### PROBLEM TO WORK ON
Your output should be the lines below from the one with "Street Art by Smog One" through the one with "#art #mural #graffiti", copied exactly, pictures excluded.

### SUPPLIED INFORMATION
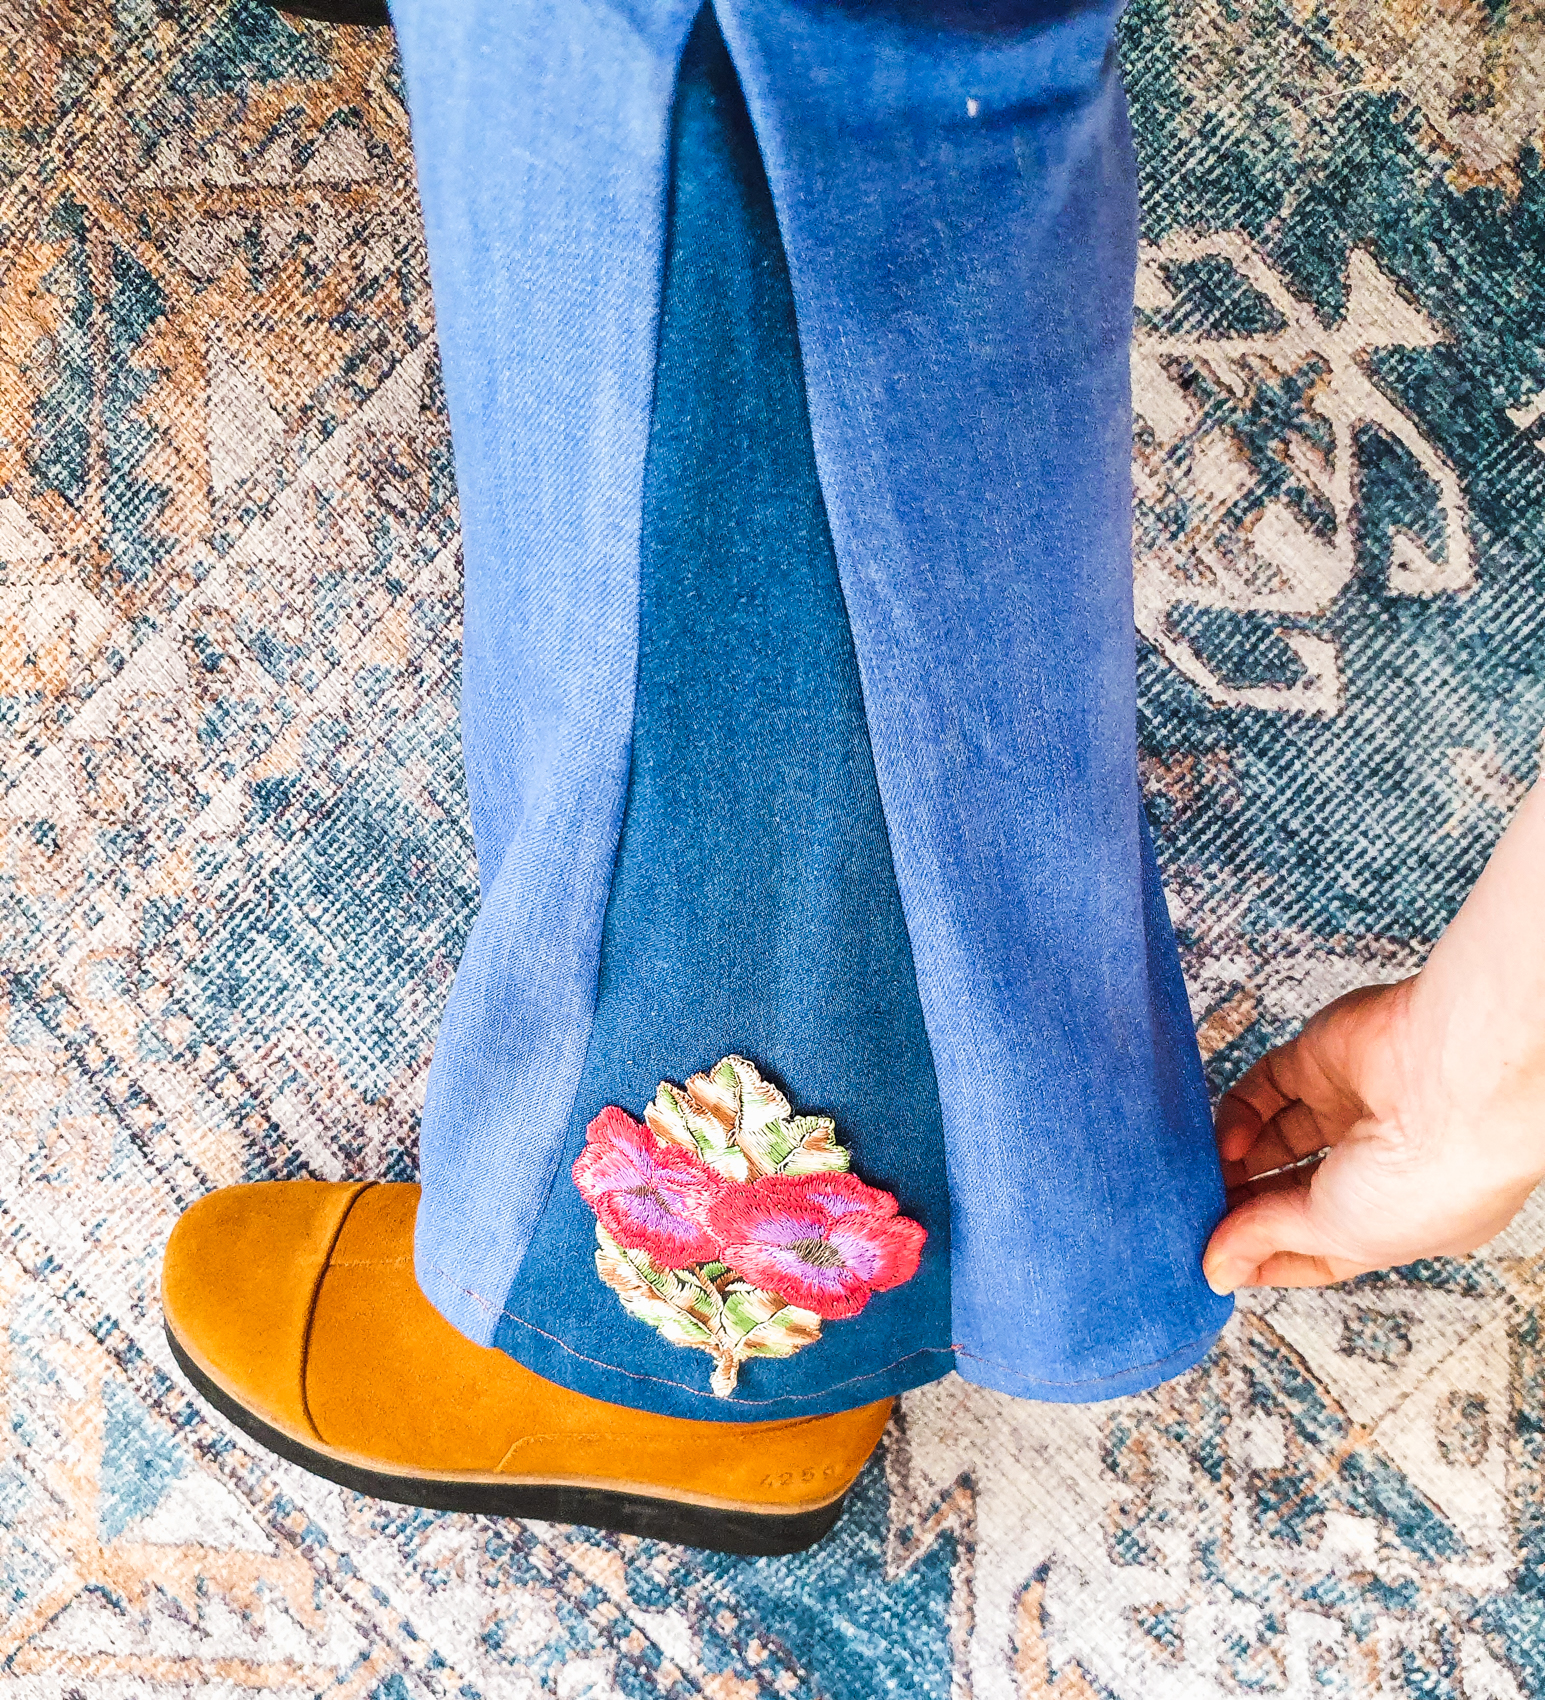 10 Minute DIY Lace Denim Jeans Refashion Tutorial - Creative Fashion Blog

==

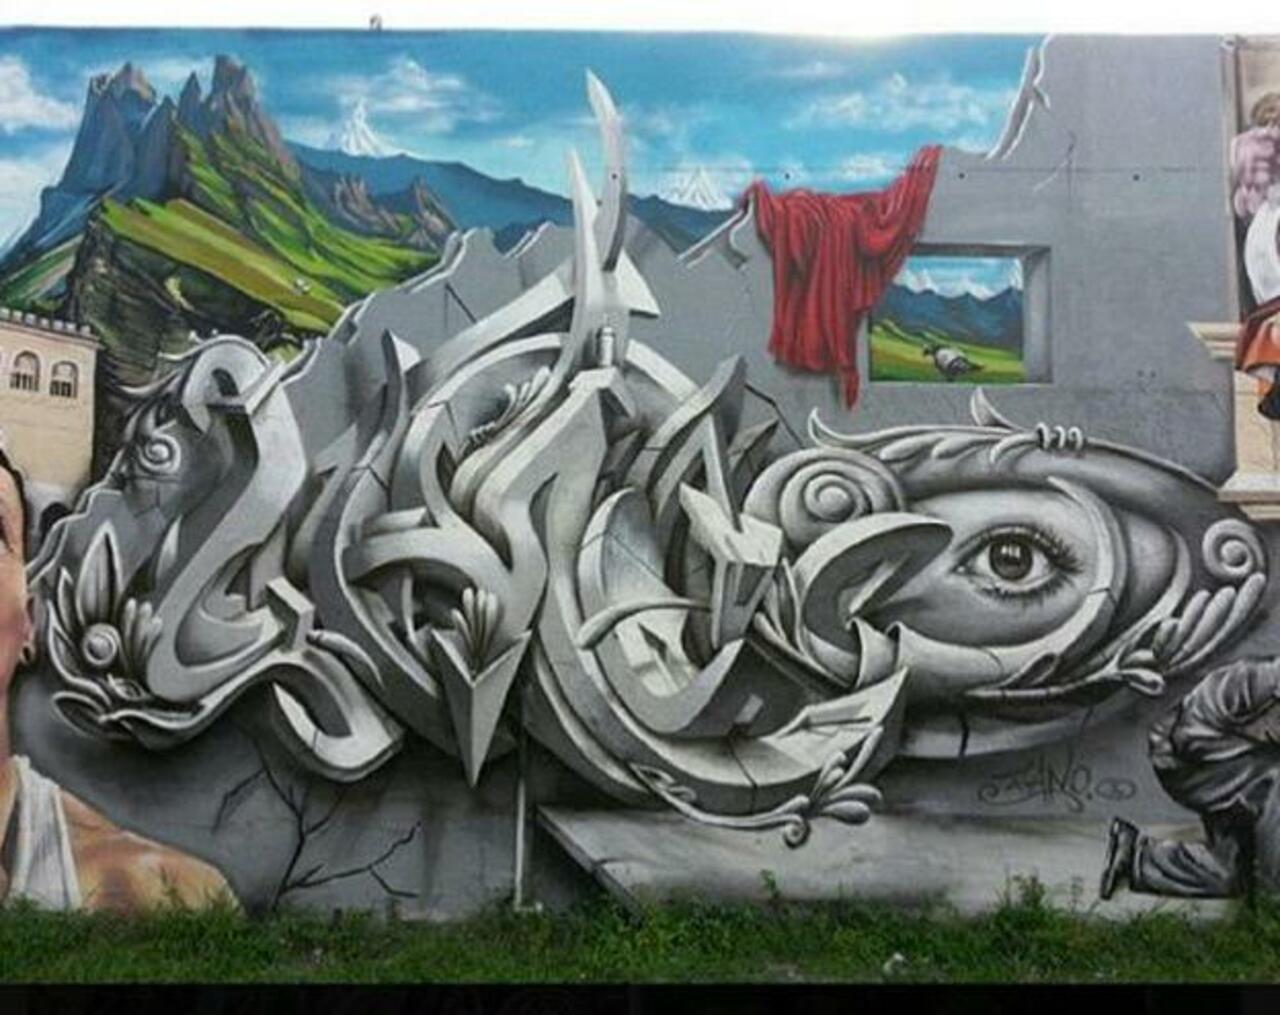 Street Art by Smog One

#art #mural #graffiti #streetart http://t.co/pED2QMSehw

...

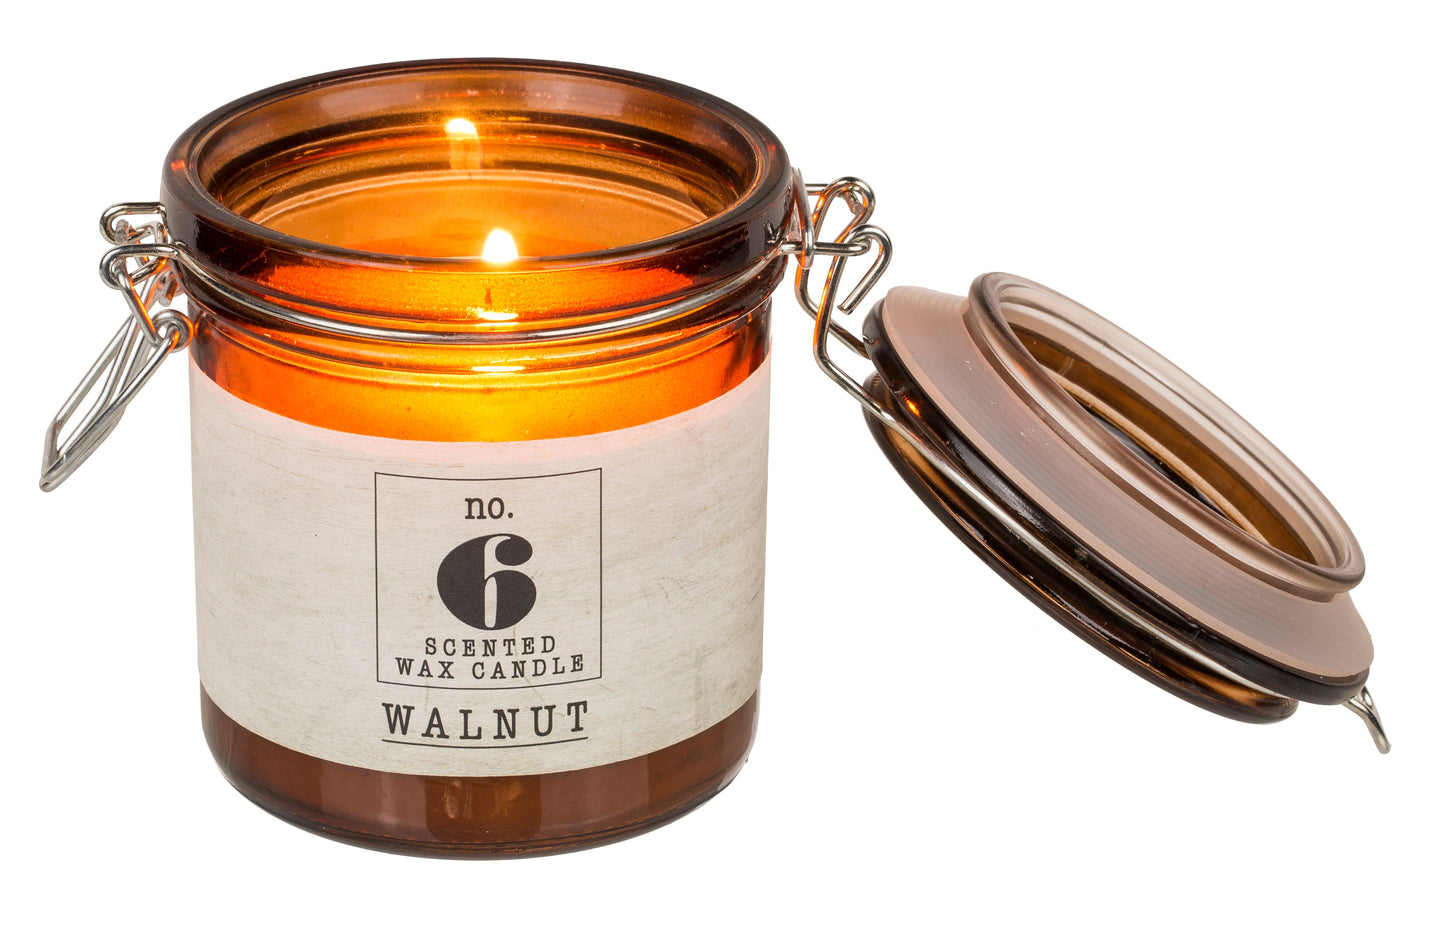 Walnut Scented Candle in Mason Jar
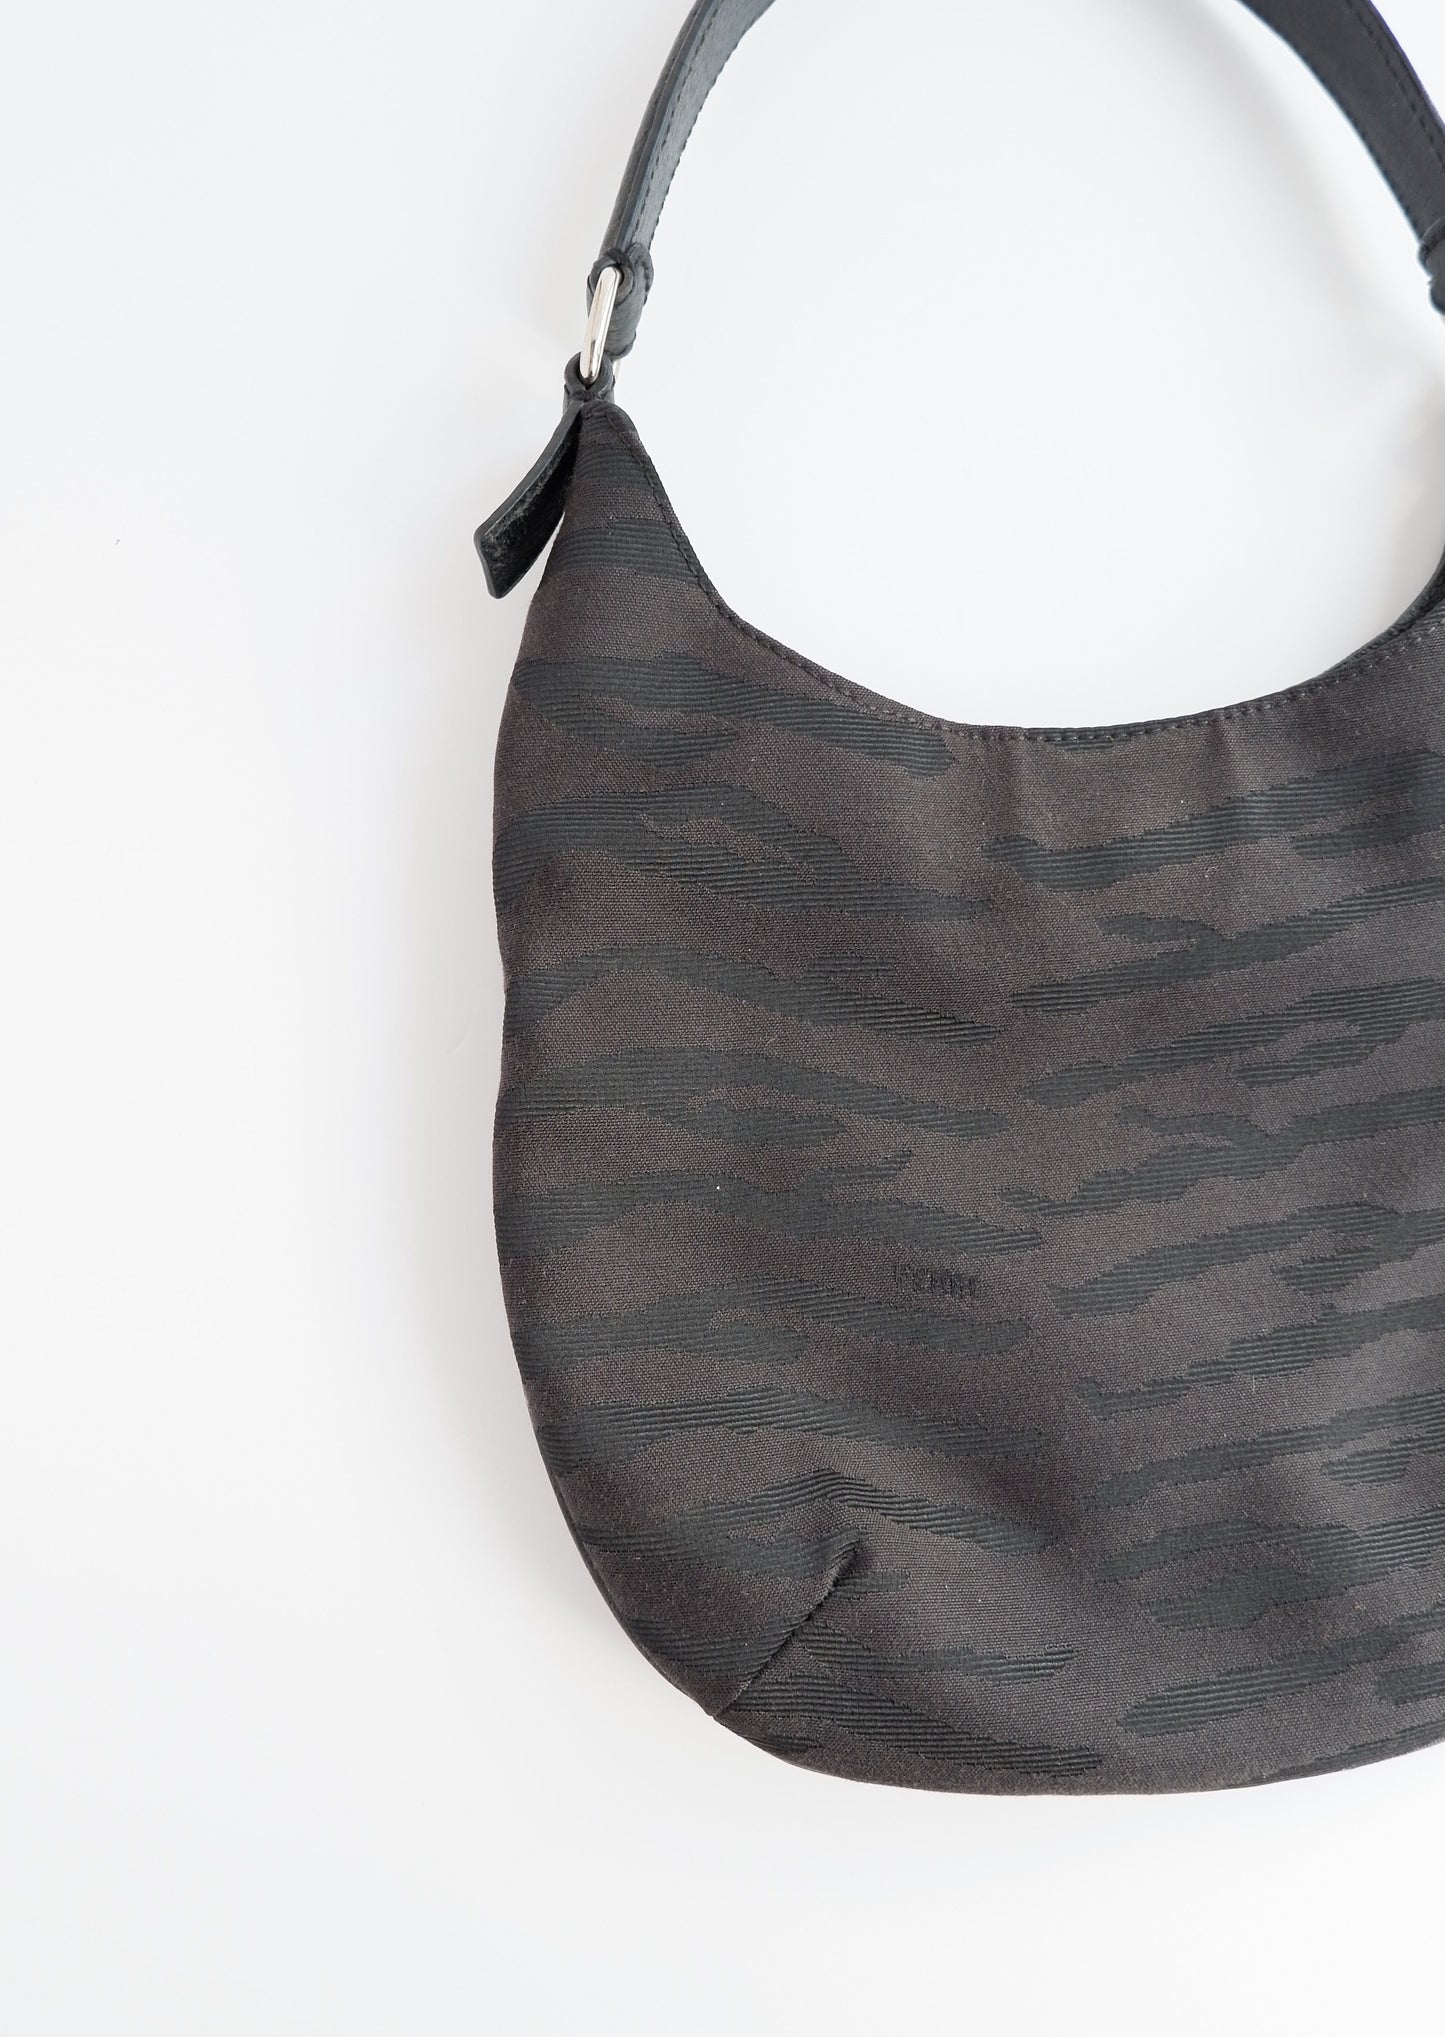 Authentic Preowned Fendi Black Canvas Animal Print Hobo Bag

### ANSWER BOX
 Street Art by Smog One

#art #mural #graffiti #streetart http://t.co/pED2QMSehw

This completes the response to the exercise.